▸ Exercise aim:
An exact copy is needed of the lines in the entries below from the line with "Film Screen cap" up to and including the line with "Coastal Craftsman kitchen", and of nothing else. Leave the pictures out.

▸ Exercise materials:
* * * * * * * * *

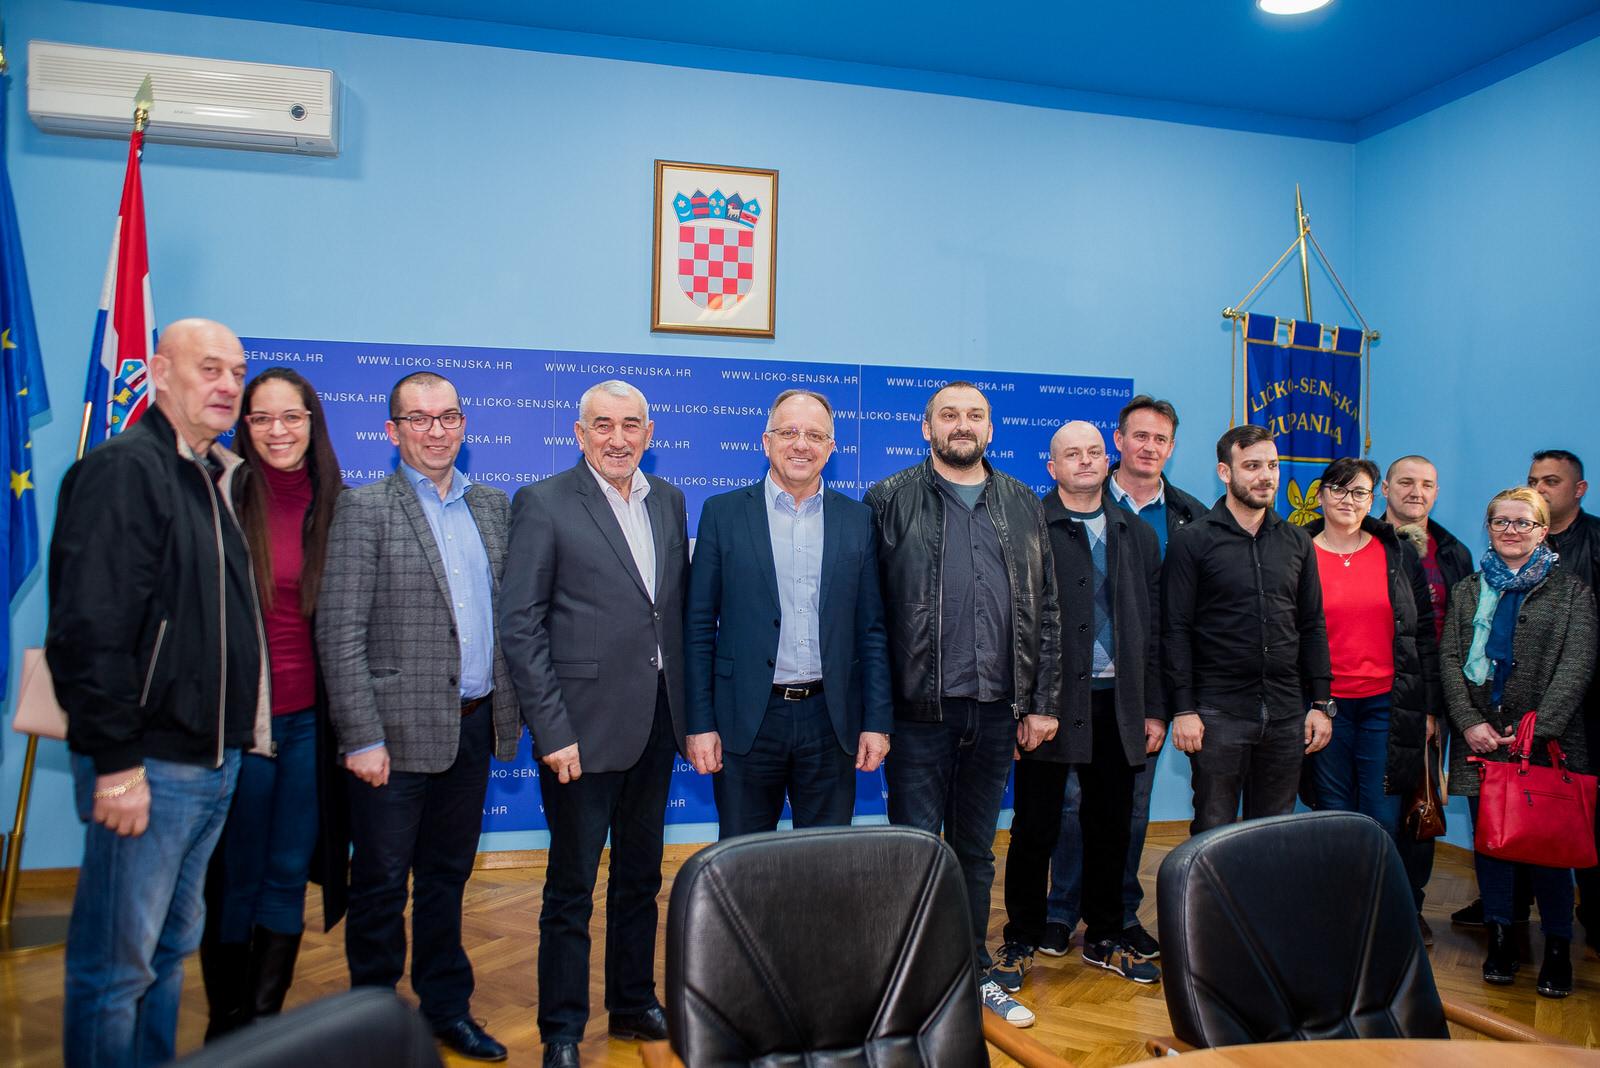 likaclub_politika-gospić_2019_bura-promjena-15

* * * * * * * * *

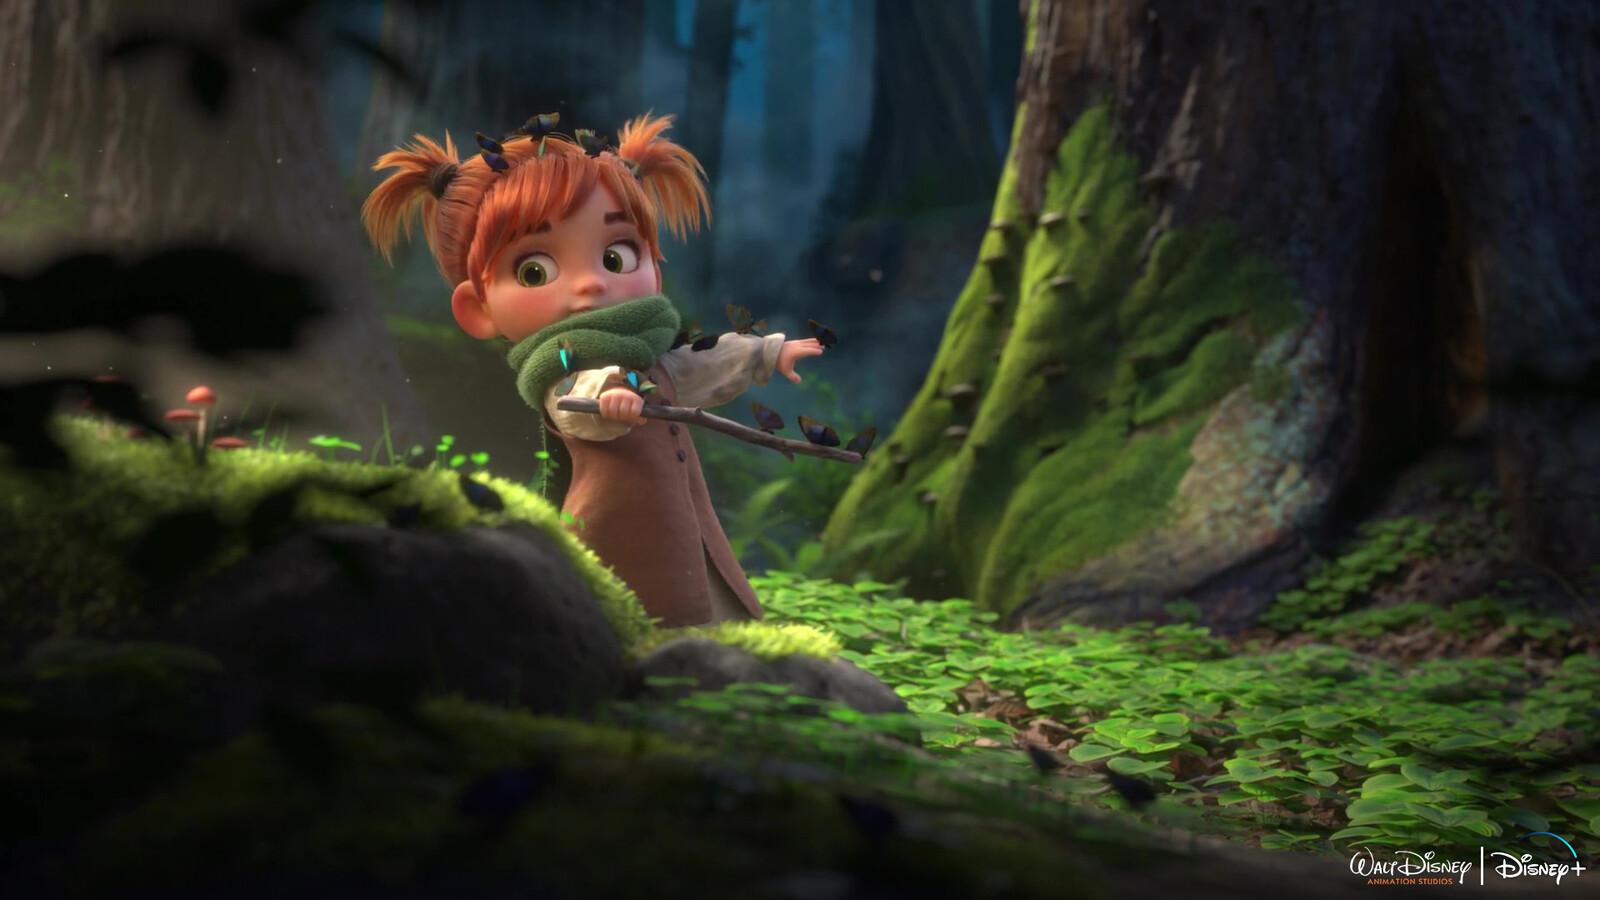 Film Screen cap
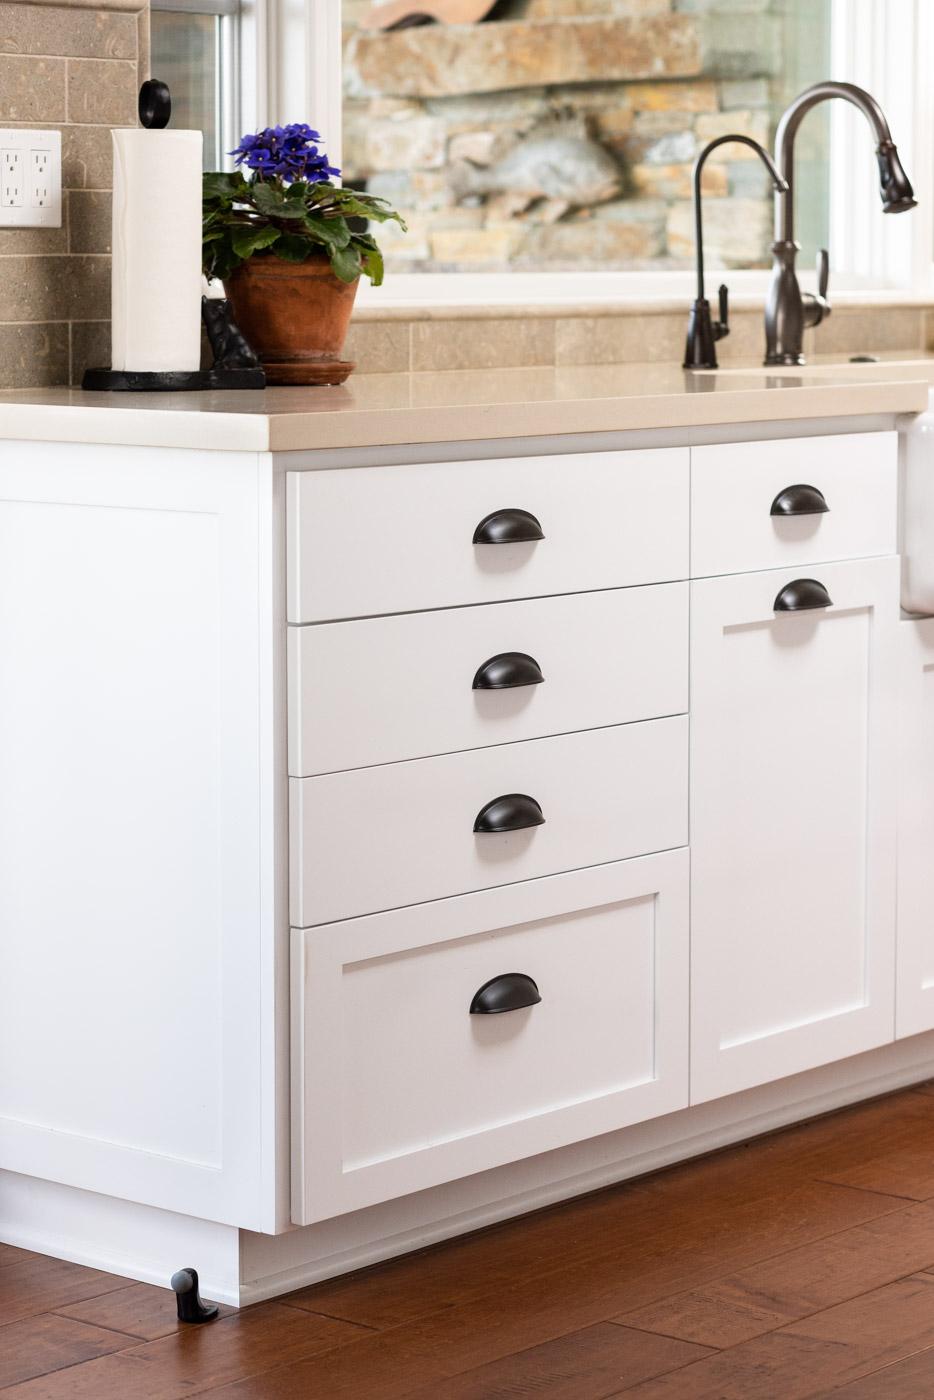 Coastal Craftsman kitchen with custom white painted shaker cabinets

* * * * * * * * *

▸ Reply to the exercise:
 Film Screen cap
 Coastal Craftsman kitchen with custom white painted shaker cabinets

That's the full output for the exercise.